Vasu Sharma
- Currently interested in AI Safety and Alignment Research | Writes at https://permutedsense.substack.com/
- Open source and privacy-preserving tools enthusiast
Previous experience working as a data scientist on varied business propositions ranging from detecting scientific fraud in publishing, supply chain optimization, customer attrition, upselling/cross-selling card products, web personalization and customer-merchant affinity.
she/her
Sessions
LLM-as-a-Judge systems are increasingly deployed in high-stakes settings - screening job applicants, triaging medical cases, assessing credit risk, and flagging legal exposure. As the EU AI Act takes effect in August 2026 with penalties up to €35M for biased high-risk systems, organizations are investing heavily in fairness audits. But passing a bias check does not guarantee fairness. Standard Python fairness pipelines rarely detect this shift. In a controlled hiring experiment on real resumes, we demonstrate how alignment and potentially bias-mitigation techniques can reduce aggregate disparities while redistributing harm across intersectional subgroups.
Large language models (LLMs) have become central to modern scientific computing, yet for most practitioners they remain opaque systems - input goes in, text comes out, and the internal mechanism is a mystery.
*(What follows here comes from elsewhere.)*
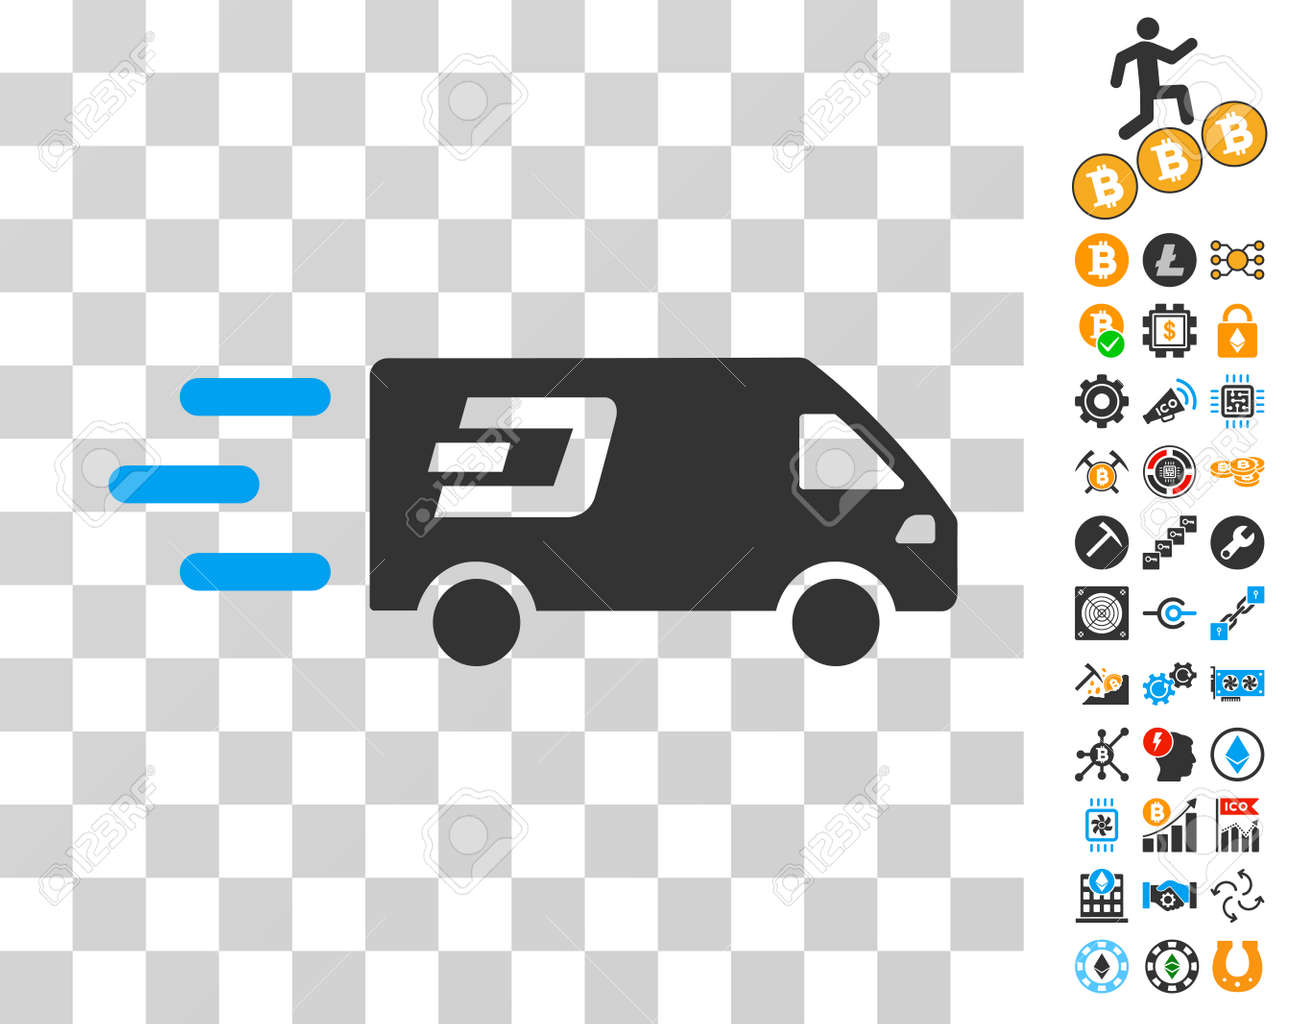 Fast Dash Delivery Car icon with bonus bitcoin mining and blockchain

Mechanistic interpretability (MI) is the emerging discipline of reverse-engineering what specific components of a neural network actually do.
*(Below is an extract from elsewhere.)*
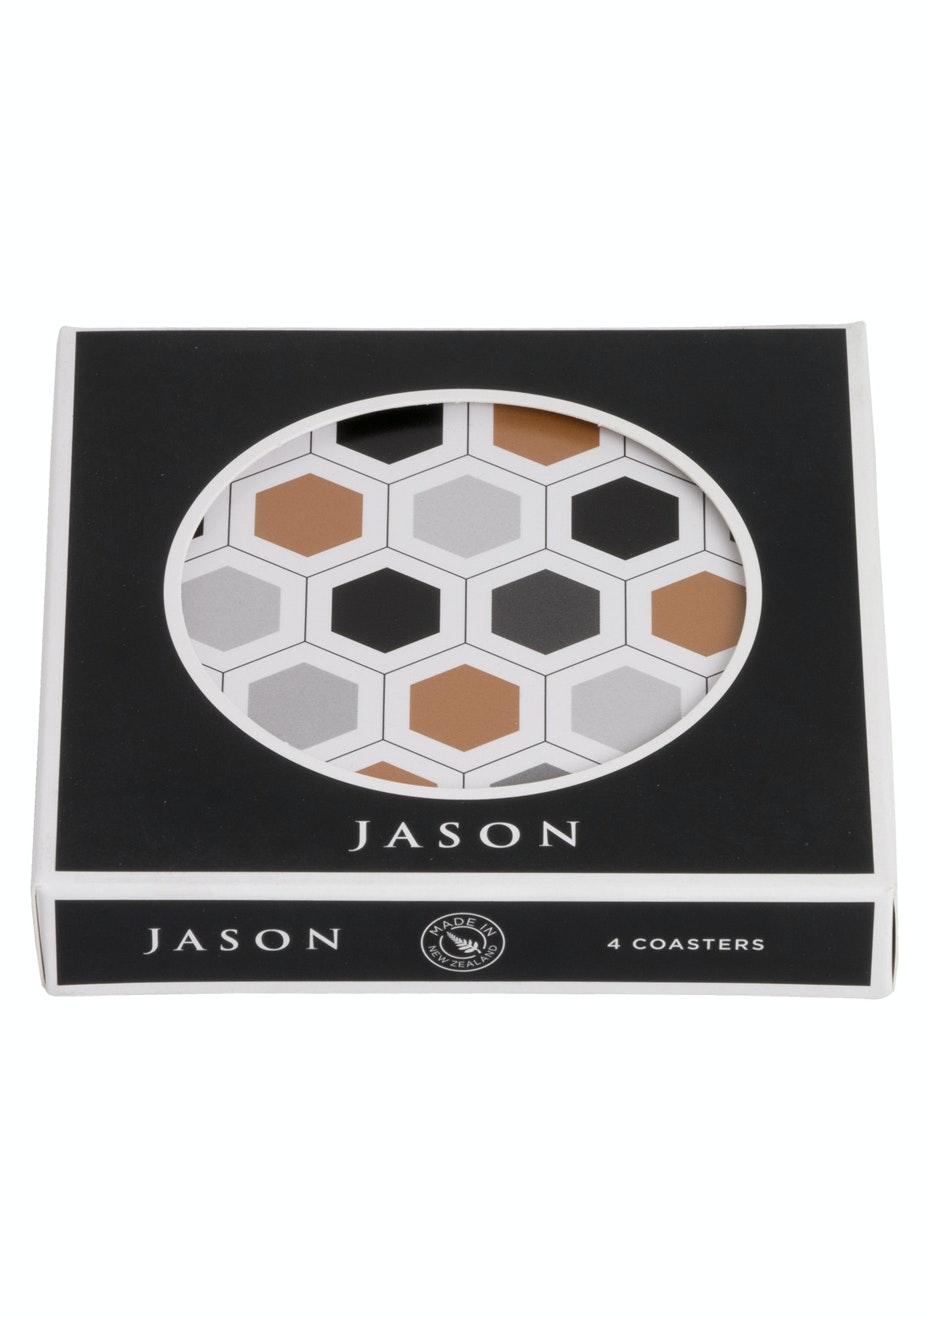 Jason - Hexagonals Coasters - Set of 4

Using Andrej Karpathy's microgpt - a fully self-contained, 200-line, dependency-free GPT implementation in pure Python - as our subject, we systematically dissect what a trained language model has learned. No PyTorch, no specialised ML frameworks: just the familiar tools applied to a genuinely novel problem.
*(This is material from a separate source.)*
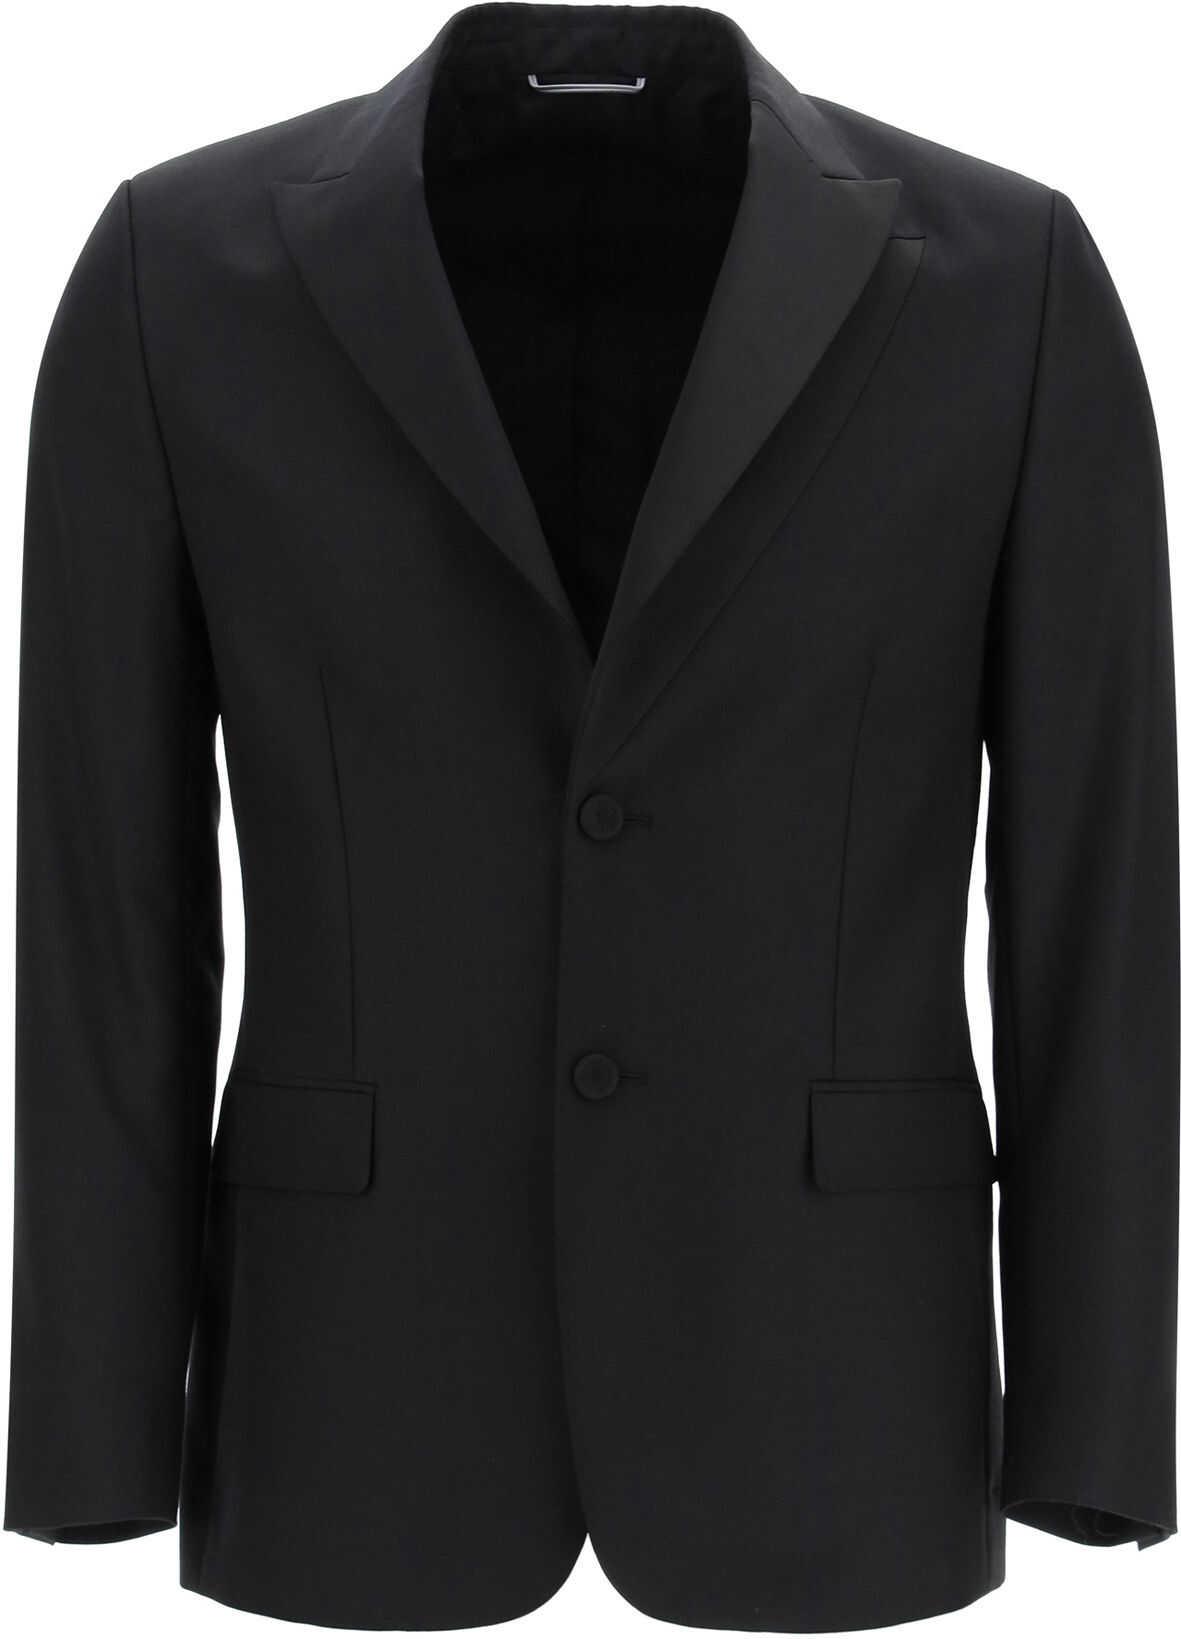 Dior Wool And Mohair Natte' Blazer BLACK imagine

The model is tiny by design: 4,192 parameters, a 27-token vocabulary (a–z + a special token), trained on 32,000 names in roughly one minute on a laptop. This makes it the ideal subject for interpretability work - every attention weight is inspectable, every embedding printable, every head ablatable. The scientific question driving the tutorial is: "What has this model actually learned about the structure of names?"